Юноша, выпрямившись в яме, улыбнулся.
— Уже пошла… не догонишь!
— Здесь распределитель, — объяснил Валерик товарищу. — Вон та труба идет на зоопарк, та — на Внешние пруды, эта вот — к нам на башню…
— А что такое лудло?
— Это вентиль, клапан, система такая… Открыл — и уже погнало воду по трубам в парки, в пруды, уже для всей Аскании праздник!..
— Вот черт!.. Сказал — и все ожило… Всю силу в себе держит!..
Мимо сверкающих, полных света колодезных корон, между груд искристого антрацита ребята снова выбрались к стоянке арбаче к кибиткам и рыжим, выгоревшим на солнце верблюдам, которые дремали, лежа в пыли, или тоскливо высились вдоль заборов, словно живые привидения пустыни.
Возле продуктовых амбаров чабаны громко ссорились с кладовщиком, поблизости грызлись чьи-то здоровенные овчарки, но Данько, еще полный впечатлений от водокачки, ничего этого не слыхал. Остановился посреди стойбища, поморгал глазами… Потом, закинув голову, вдруг раскатисто, полной грудью выкрикнул:
— Лудло — на башню!
И застыл, радостный, возбужденный, мечтательно заглядевшись в чистую небесную синь…
Хутор Кураевый возник и разросся в степи возле нескольких землянок, в которых издавна зимовали со своими семьями чабаны. Теперь землянки были почти незаметны за кошарами, воловней и другими хозяйственными постройками. Воловщики, кузнецы, доярки — все, кто постоянно работал на хуторе, — получали место в низком с покоробленными стенами бараке, всех же прибывших на сезон не мог вместить никакой барак. Для сезонников заранее обносилась отрадой небольшая площадка, примыкавшая к кошарам, сваливалась туда арба курая или соломы — и гнездитесь…
Сюда после распределения попали криничане и кое-кто из орловских ребят (большинство орловцев, в том числе и Мокеич, были назначены еще дальше — на Джембек-сарай). Загородка и солома под открытым небом — это было все, что мог предложить сезонникам Гаркуша, приведя их в табор.

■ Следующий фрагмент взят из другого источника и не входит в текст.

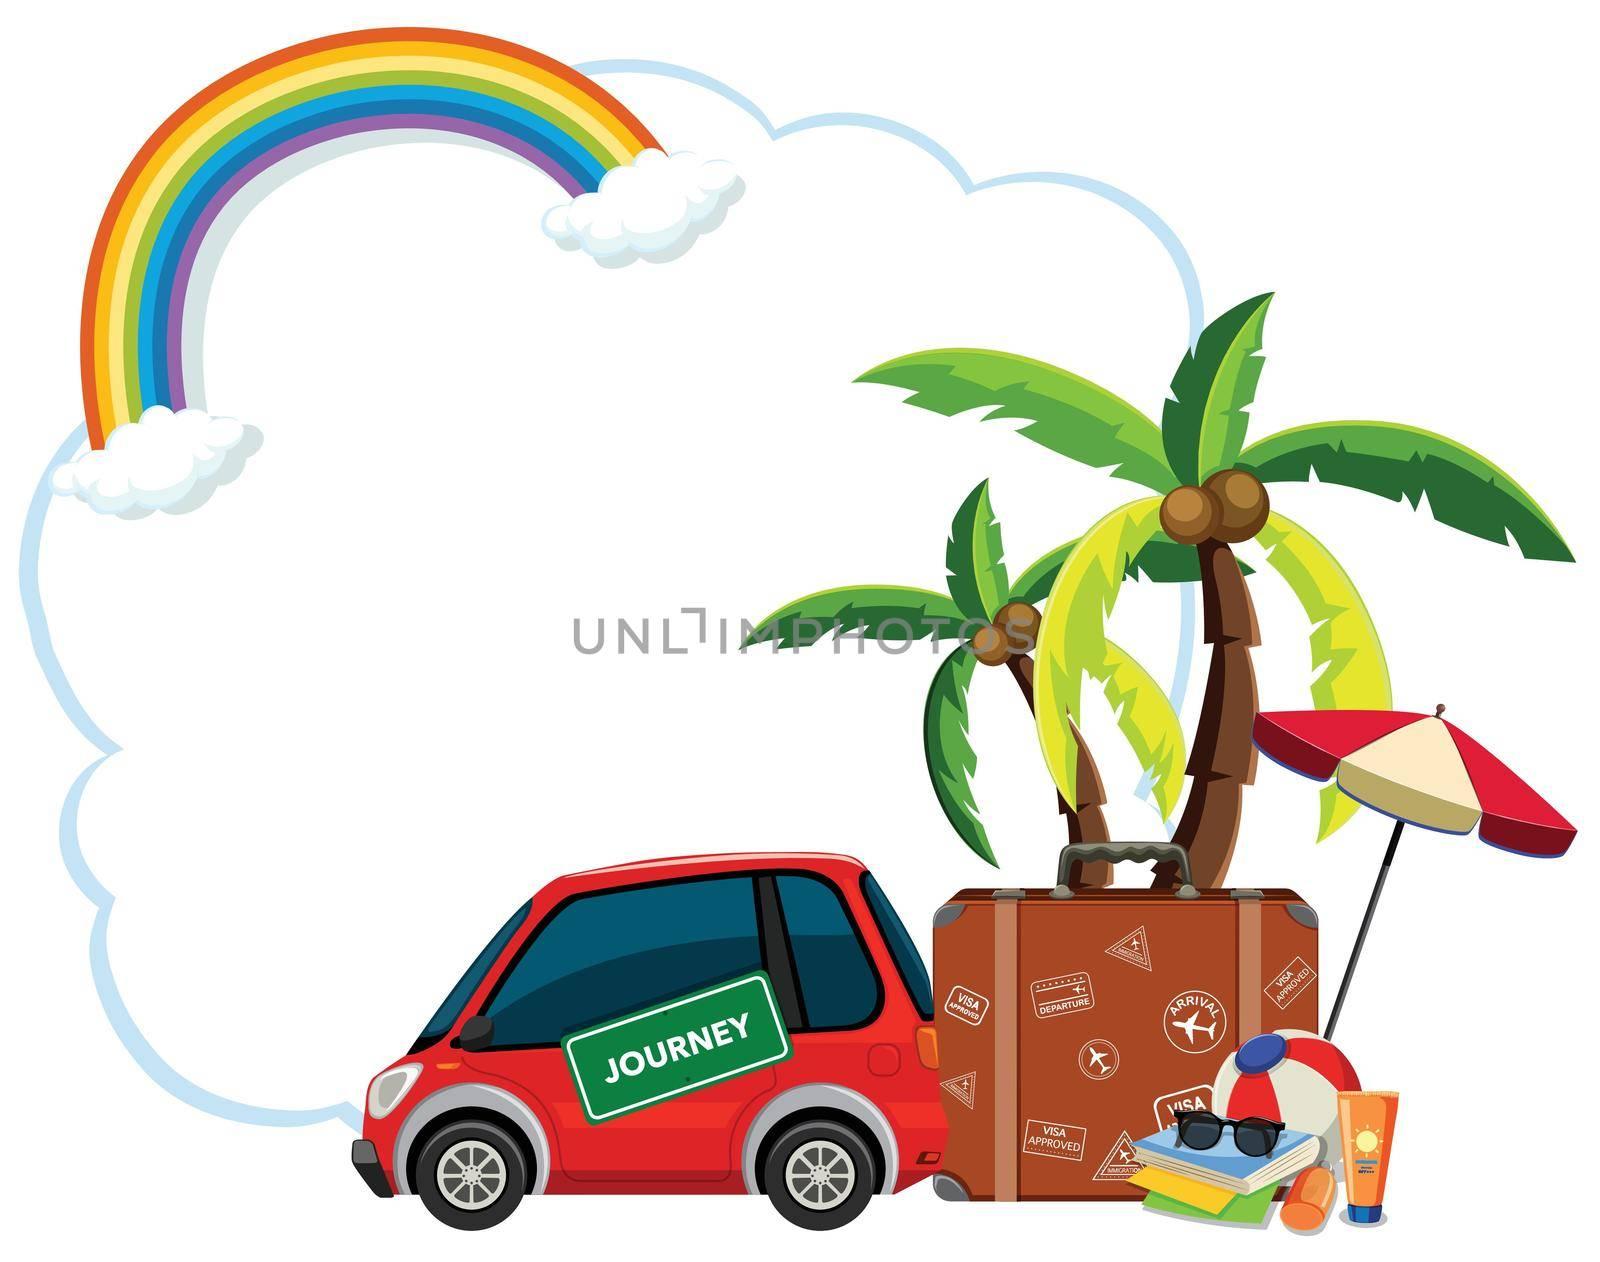 Travel element on blank template illustration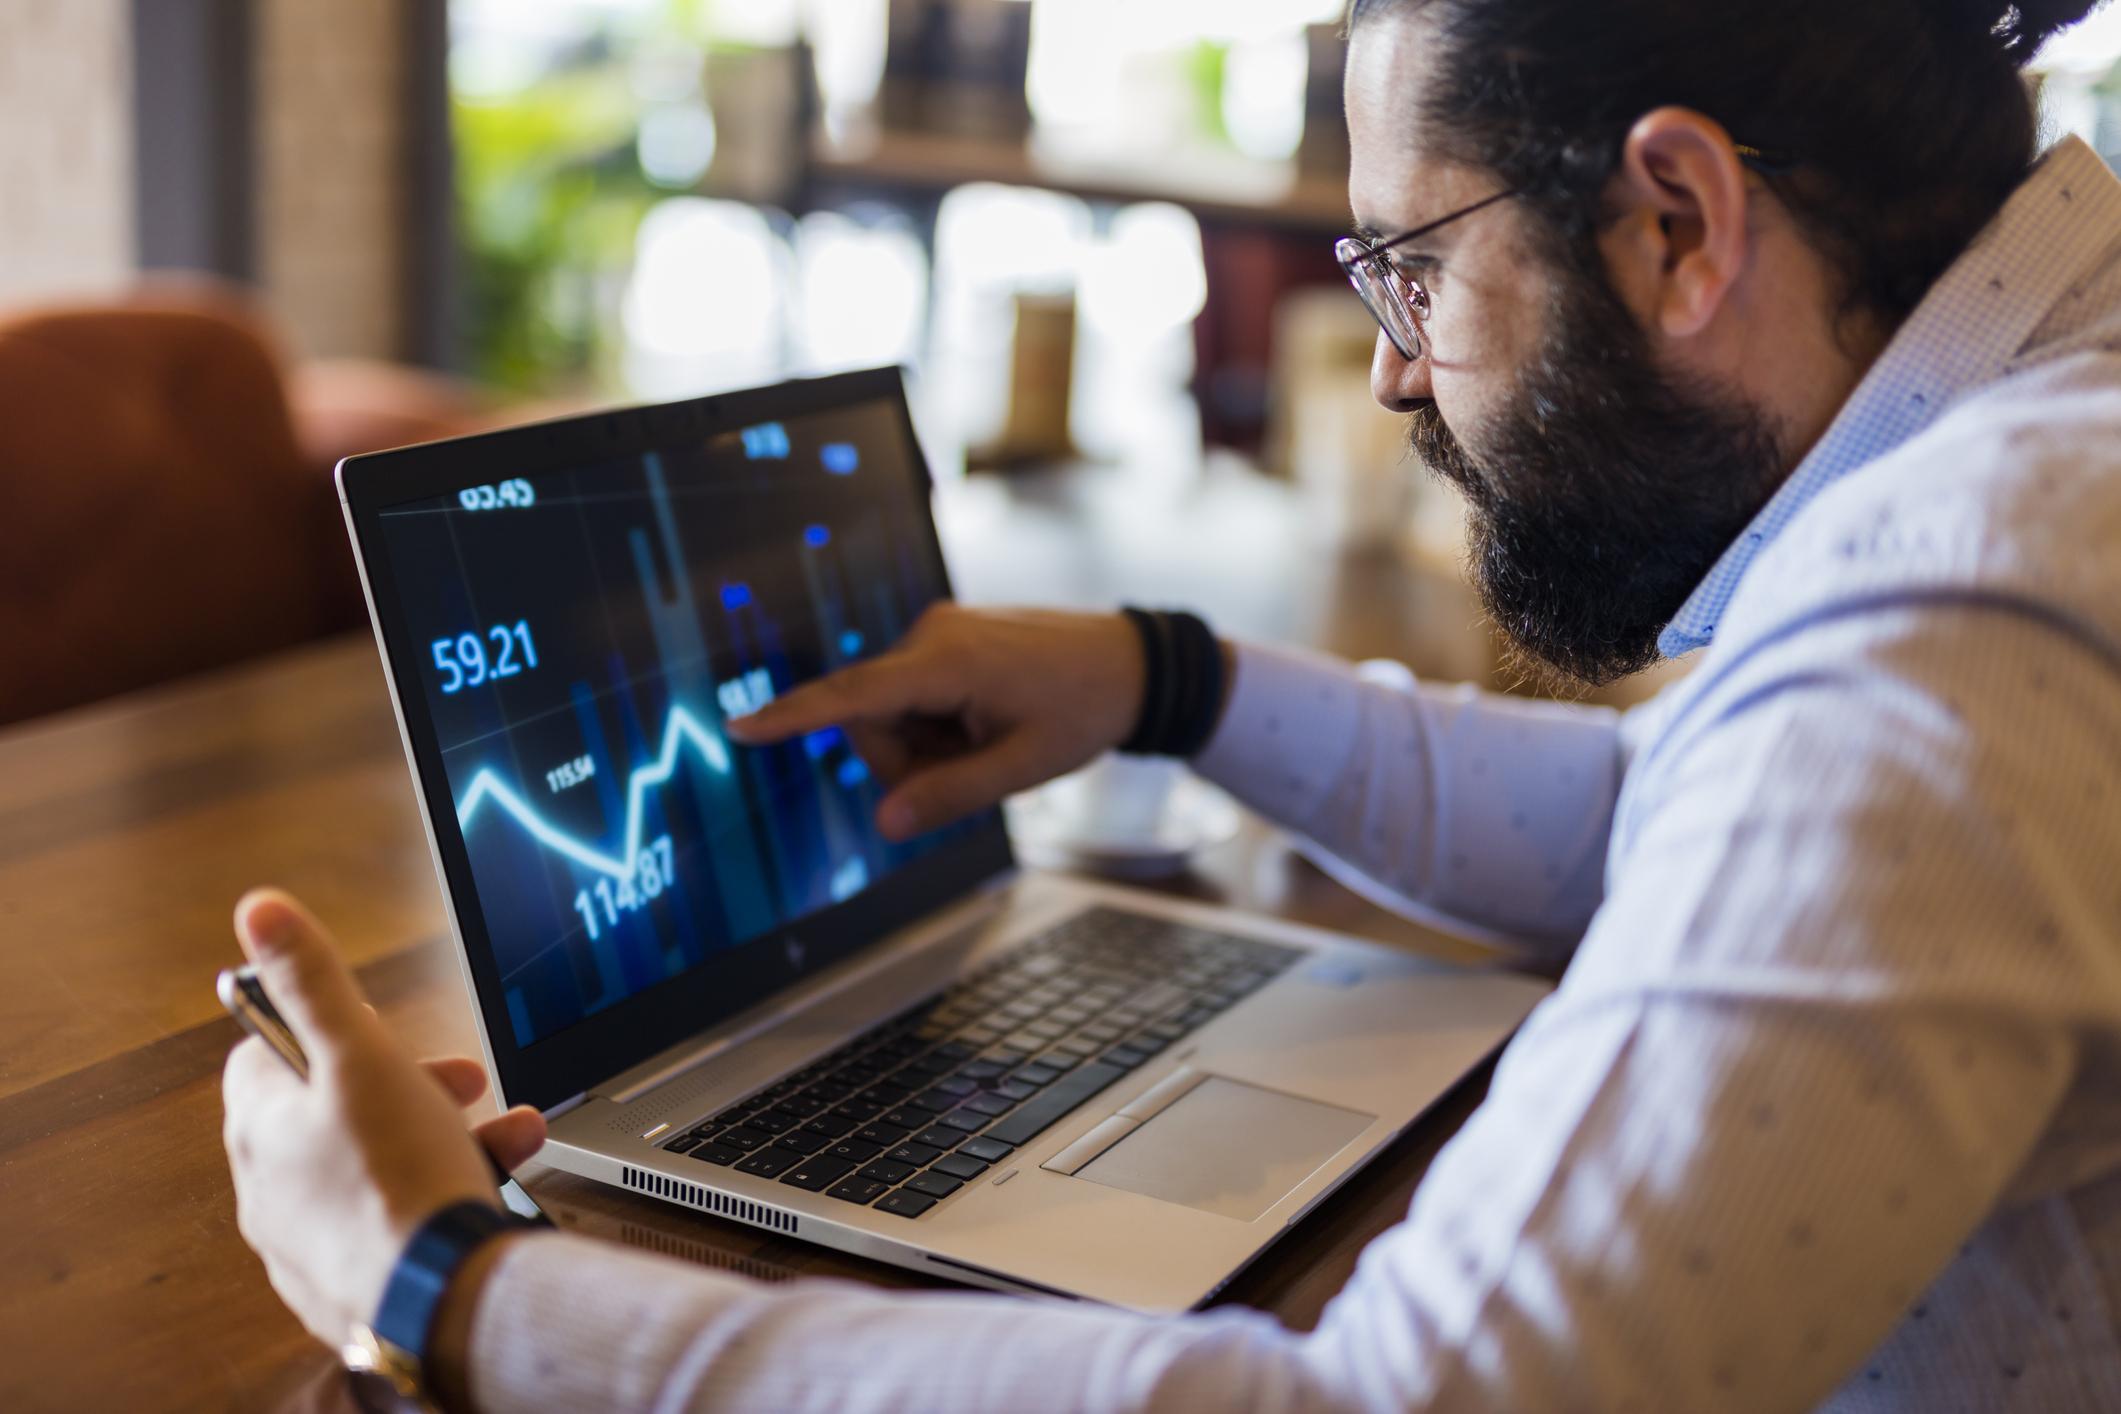 Is Intel Stock Finally Worth Buying? Harsh Chauhan | Jul 29, 2021

— Под открытым небом? — увидев ограду, воскликнула Ганна Лавренко так, словно всю жизнь спала в обитых бархатом спальнях.
— А что же, — засмеялся Гаркуша. — В компании да вповалку, чтоб к осени с приплодом были!
Ганна уставилась на него своими прекрасными большими глазами:
— А если дождь?
— Ха, дождь!.. Наловим рыбы — будет борщ!..
Так началась их жизнь в таборе Кураевом, который в конторских книгах значился фермой Кураевой. Аскания отсюда была чуть видна — стояла далеко в степи, как синяя туча, высунувшаяся краем из-за горизонта и застывшая на все лето в неподвижности. Фантастическим, несбывшимся сном промелькнула она перед сезонниками, со своей могучей зеленью, с крылечками и палисадниками, со светлыми прудами и журавлями-красавцами на окраине парков… Все это предназначалось кому-то другому, прежде всего той рыжей ведьме с бураковым лицом и отвислым подбородком, которая, щурясь, осматривала их из-под своей панамы. Им же, сезонным невольникам и невольницам, надлежало прожить лето в далеком полевом таборе, не защищенном ни одним деревцом, открытом всем ветрам. В одну сторону от табора тянулись поля, в другую — лежала гладкая, как море, испокон веков не паханная степь, тысячи десятин сенокосных угодий… И то и другое принадлежало Фальцфейнам. Хлеба в этом году выдались слабосильные, зато травы, успев вымахнуть на зимней влаге, накатывались теперь из степи на табор тяжелыми, пенистыми валами.